Brinkley witnessed people in her rural community—black and white—die early or become disabled because of untreated chronic medical conditions, such as hypertension. This helped propel her to the field of nursing and, later, into healthcare management.

Brinkley says her grandmother wanted her to choose a career in nursing, and her grandparents, who raised her, emphasized the importance of education as a path to success.

The mentoring business

Everyone needs mentors, and the Top 25 Minority Executives in Healthcare are no exceptions. Like Bluford, many credit one or more mentors for helping them pursue healthcare administration as a career and hone their management styles.

Growing up in San Antonio, George Hernandez Jr. spent five years in a Catholic seminary studying for the priesthood. He credits his success partly to a popular parish priest in his neighborhood who helped kids develop their self-esteem and aspire to great things. Many of these kids, he says, went onto prosperous careers, including a childhood friend who became a district judge.

Hernandez earned his law degree from George Washington University and then returned to San Antonio, where he worked in the city attorney's office. He later went on to represent the Bexar County (Texas) Hospital District, which is now University Health System.

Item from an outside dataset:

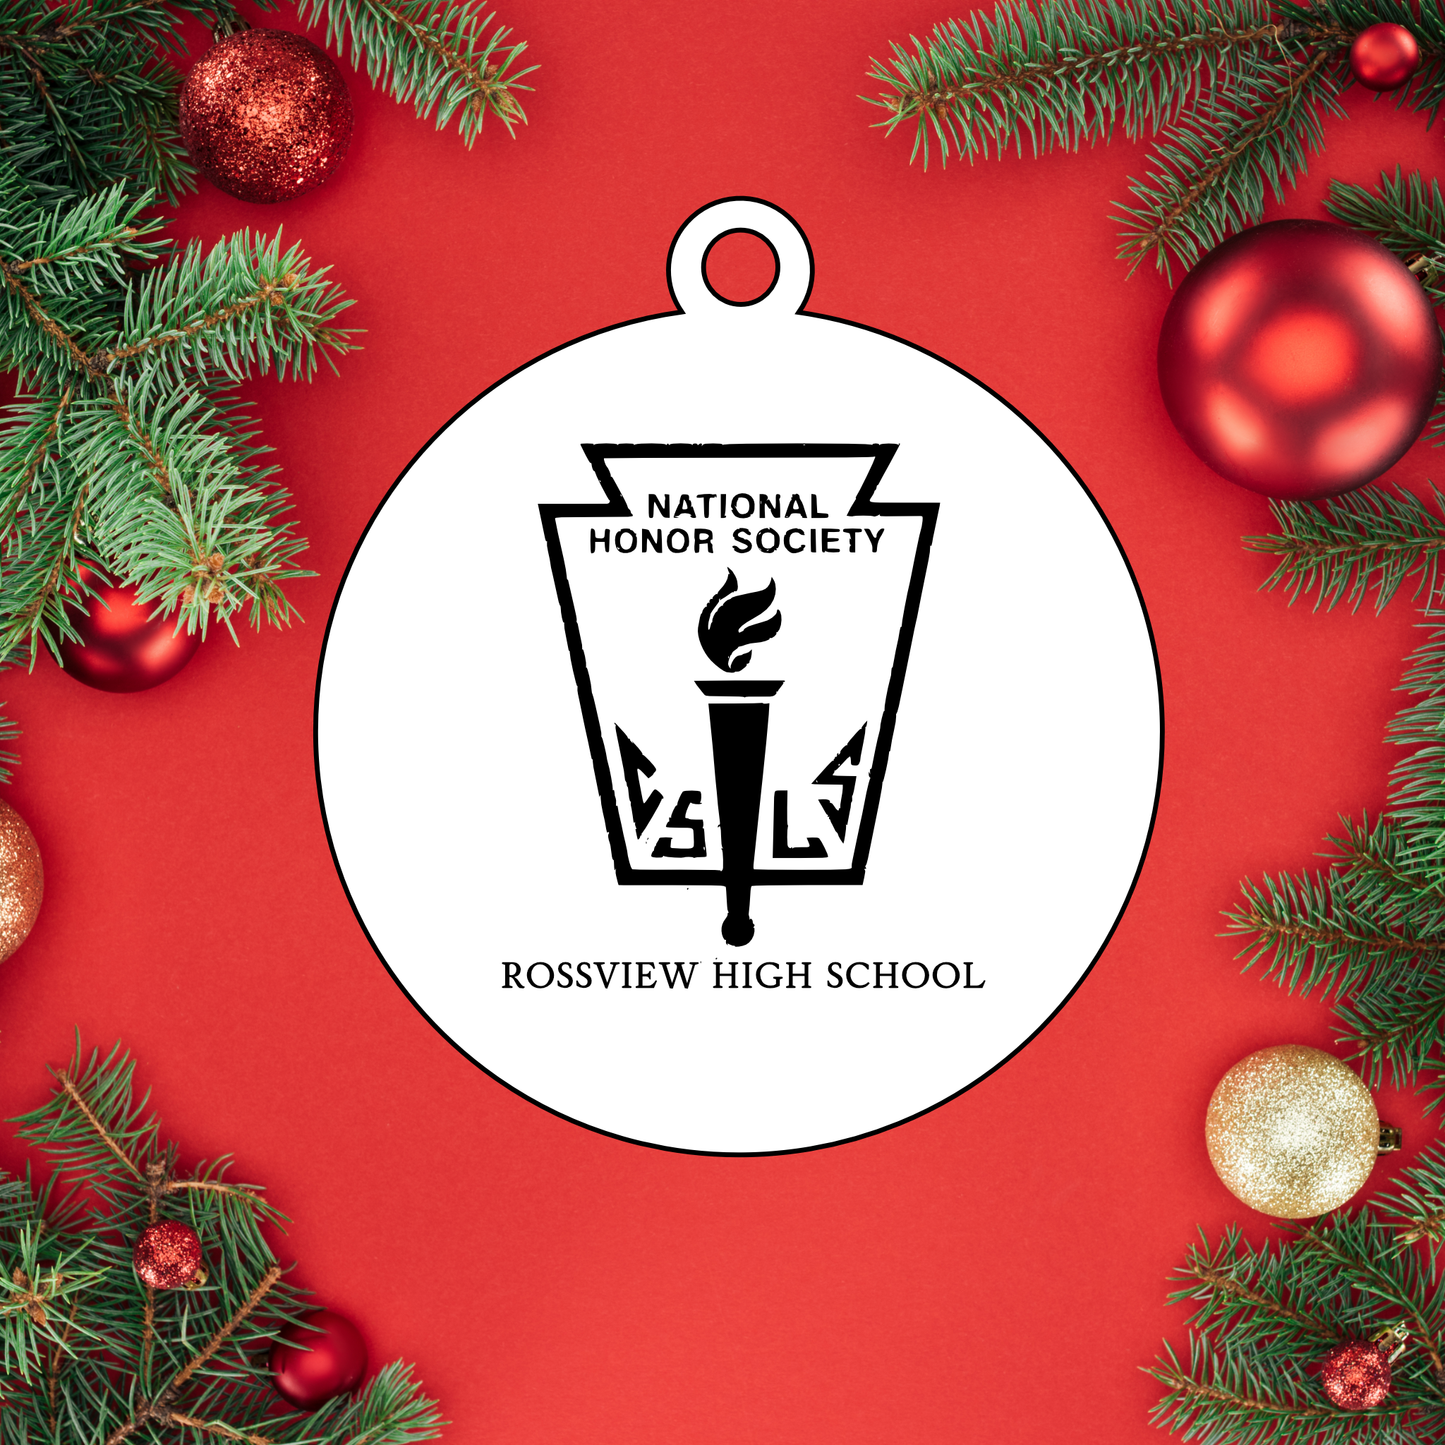 National Honor Society | Rossview High School Christmas Ornaments

He served as general counsel for the district and is now president and CEO of University Health, a 377-bed academic medical center in partnership with the University of Texas Health Science Center at San Antonio.

He credits continuing legal education courses required for all attorneys as helping him learn about the business of healthcare. “When you learn the client's business, you become a competitor for the job,” he says.

The challenge is providing educational opportunities for everyone, Hernandez says. Although his parents didn't obtain high school degrees, he and his siblings all completed college and went onto successful careers thanks to the robust educational system of the 1950s and hard work. One brother is a physician, another is an engineer, and his sister is getting a doctorate degree.

Diversity in our country is here, Hernandez says. “The real thing we can affect is whether we will develop the next generation to take the place of the baby boomer generation.”

A fan of the management book Good to Great by Jim Collins, Hernandez says managing a large, complex organization requires hiring the best people. “They are experts in their area; they know what to do,” he says. “There is so much talent here, and it's important to hire and promote the right people.”

Fostering that talent requires giving an ear or an opportunity to the next generation, executives interviewed for this article say.

George Brown, president and CEO of Legacy Health System in Portland, Ore., also one of this year's Top 25, recalls being a young gastroenterologist on a fellowship at Walter Reed Army Medical Center in Washington in the late 1970s.

“I saw many things going on I didn't like that I felt we could do better,” Brown says.

Never one to hesitate to speak his mind, Brown approached the leadership at Walter Reed about his concerns. They suggested that he talk to the surgeon general of the Army at the time, Gen. Charles Pixley. So he did.

“I was a major, and he was a three-star general,” Brown says. Pixley spent more than an hour talking with Brown about his ideas. Pixley told the young man, “You have a choice in healthcare. You can be a clinician or you can be an administrator. My suggestion is that you try everything and move back and forth,” Brown recalls.

“I was very impressed by that,” Brown says. “Here's the No. 1 doctor in the Army who took one or one and a half hours out of his day to spend some time with a young major who had a mustache and a haircut that didn't meet specifications.”

Brown went on to have a stellar career in the Army and returned to Walter Reed in the mid-1990s as commander.

Despite the continued disparities in the top ranks of the healthcare industry, many interviewed for this story say a black president in office helps break down barriers across professions.

Brinkley of Carondelet Health Network is among them.

“I hope we can become one society at some point,” she says. “Having an African-American president takes us one step closer to that.”